Hackers can assemble a botnet by spreading malware, which is often done by prompting unsuspecting users to click a link or download a file. That malware can be programmed to periodically check with a host computer owned by hackers for further instructions. To launch an attack, the hackers, or bot-herders, send a message through this “command and control” channel, prompting infected computers to send many requests for a particular website, server, or service all at once. Some of the biggest botnets in history have boasted 2 million computers, capable of sending up to 74 billion spam emails a day.
The sudden onslaught of requests quickly gobbles up all the network's bandwidth, disk space, or processing power. That means real users can’t get their requests through because the system is too busy trying to respond to all the bots. In the worst cases, a DDoS can crash a system, taking it completely offline.
Both of Friday’s attacks targeted Dyn’s Managed Domain Name System. Through this system, Dyn provides a routing service that translates Web addresses that users type into a browser, such as spectrum.ieee.org. Users who type in a Web address are first sent through a Dyn server that looks up the IP address for a server that hosts the content the user is trying to reach. The Dyn server passes this information on to the user's browser.
To disrupt this process, says Sanjay Goel, a professor of information technology at the State University of New York (SUNY) at Albany, the bot-herders probably sent tons of translation requests directly to Dyn’s servers by looking up the servers’ IP addresses. They could have also simply asked the bots to send requests for Amazon.com and Twitter.com to cause similar issues. Attacking a DNS or a content delivery provider such as Dyn or Akamai in this manner gives hackers the ability to interrupt many more companies than they could by directly attacking corporate servers, because several companies share Dyn's network.
In Dyn’s case, it has built its Managed DNS on an architecture called Anycast, in which any particular IP address for a server in its system can actually be routed through servers in more than a dozen data centers. So, if the IP address of one server is targeted, 10 others may still be able to handle the normal traffic while it's beseiged with bot requests. Art Manion, a technical manager at Carnegie Mellon University’s Software Engineering Institute, says this system should make Dyn more resilient to DDoS attacks, and the company has touted it as highly secure.
Dyn said on Friday in an update to its website that the first attack mainly impacted services in the “US East.” The Anycast network includes data centers in Washington, D.C., Miami, and Newark, N.J., as well as in Dallas and Chicago, though it’s not clear whether these locations were specifically targeted.
Even in the affected region, only certain users experienced issues.
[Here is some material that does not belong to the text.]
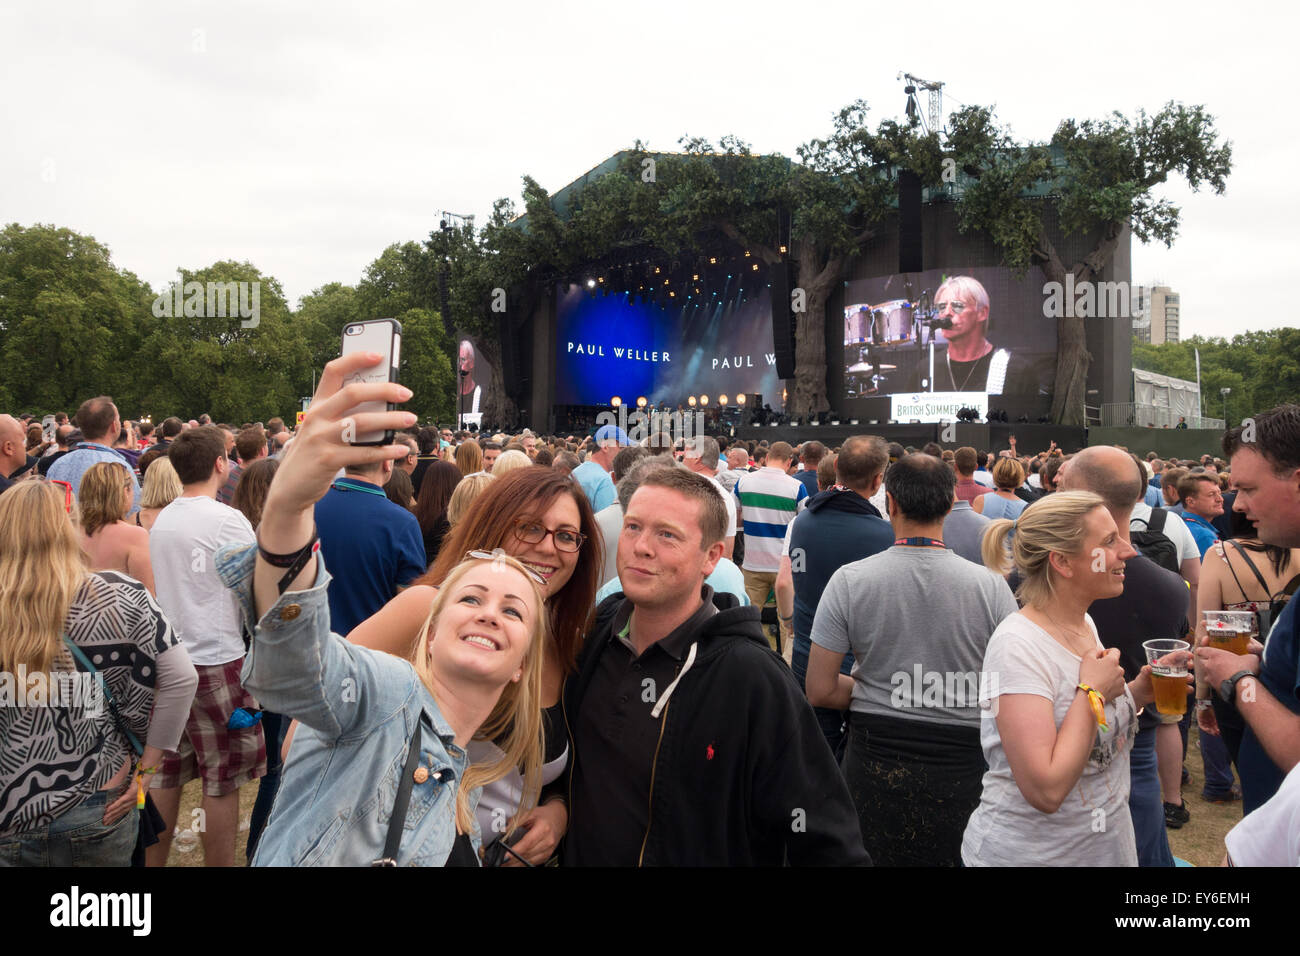 ¿Cuándo comenzó la estúpida moda de hacerse selfies con el escenario o banda de fondo? Las-personas-que-toman-un-selfie-foto-en-un-concierto-de-musica-rock-el-verano-britanico-hyde-park-londres-reino-unido-ey6emh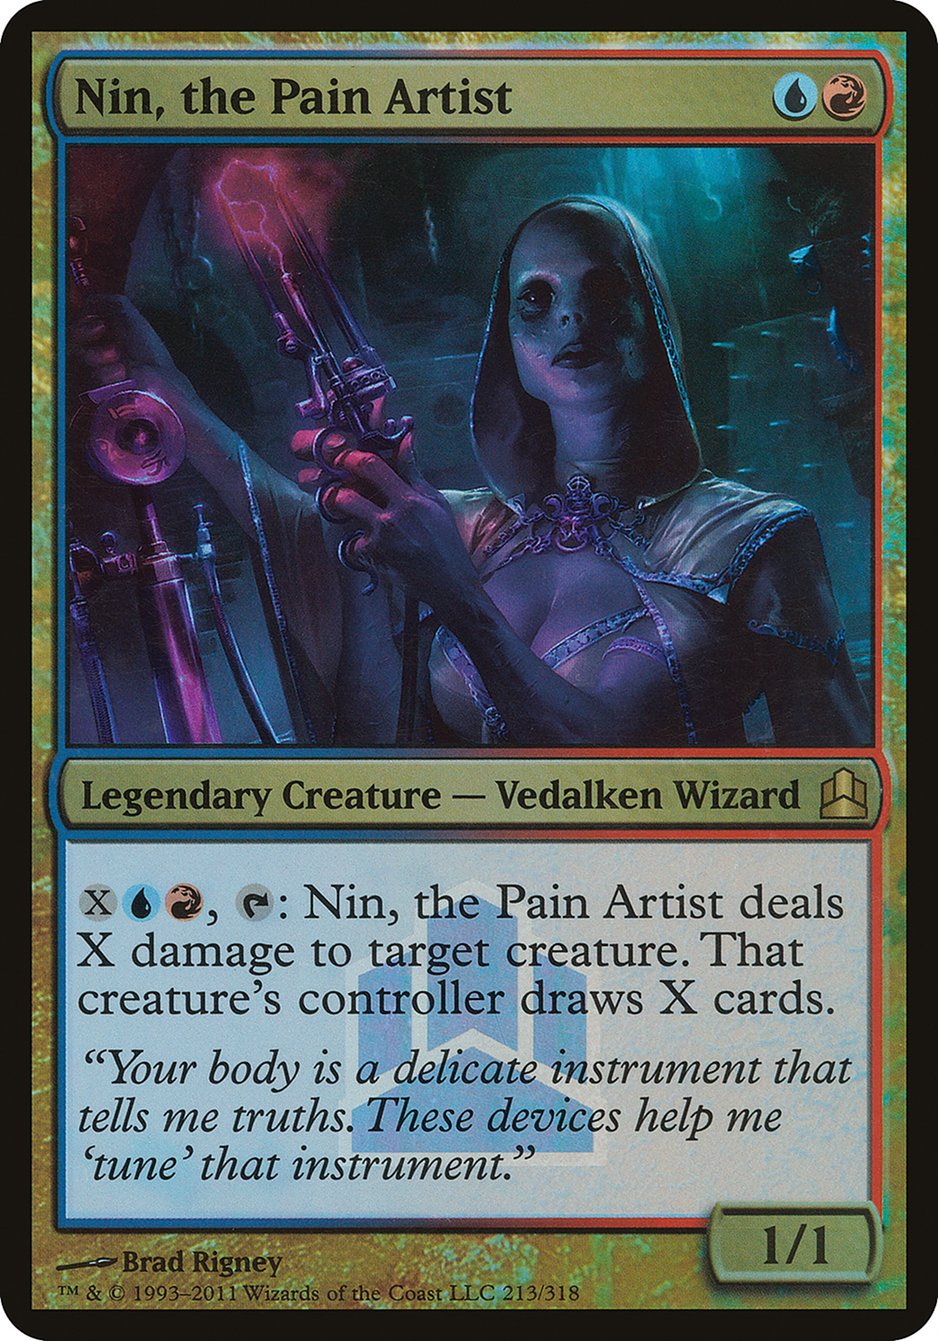 Nin, the Pain Artist (Launch) (Oversized) [Commander 2011 Oversized]

One reason could be that other users' browsers had previously used Dyn to locate the specific server they needed to recover, say, Twitter.com. Because that information is now cached in their browsers, those users can bypass Dyn to fetch the desired content, so long as the servers that store Twitter’s website are still functioning.
Another reason for the inconsistent impacts could be that a common mechanism for handling DDoS attacks is to simply drop every fifth request from the queue in order to relieve the network of traffic. The result: Some requests from legitimate users wind up being dropped along with those from bots.
Once an attack begins, companies can bring backup servers online to manage the blizzard of requests. Victims can also work with Internet service providers to block the IP addresses of devices generating the most traffic, which means that they're likely part of the botnet. "You start blocking the different addresses where it's coming from, so depending on how massive the botnet is, it may take some time," says SUNY Albany's Goel.
Even with state-of-the-art protections and mitigation strategies, companies are limited by the amount of bandwidth they have to handle such sudden onslaughts. “Ultimately, Akamai has total x amount of bandwidth, and if the attacker is sending x-plus-10 traffic, the attacker still wins,” says Carnegie Mellon's Manion. “It mathematically favors whoever has more bandwidth or more traffic, and the attackers today can have more traffic.”
Dyn’s global network manages over 500 billion queries a month, so the culprits would have had to send many millions or even billions of requests simultaneously in order to stall it. Manion says that to prevent DDoS attacks, companies must address root causes such as poor IoT security, rather than scrambling to stop them once they’ve begun.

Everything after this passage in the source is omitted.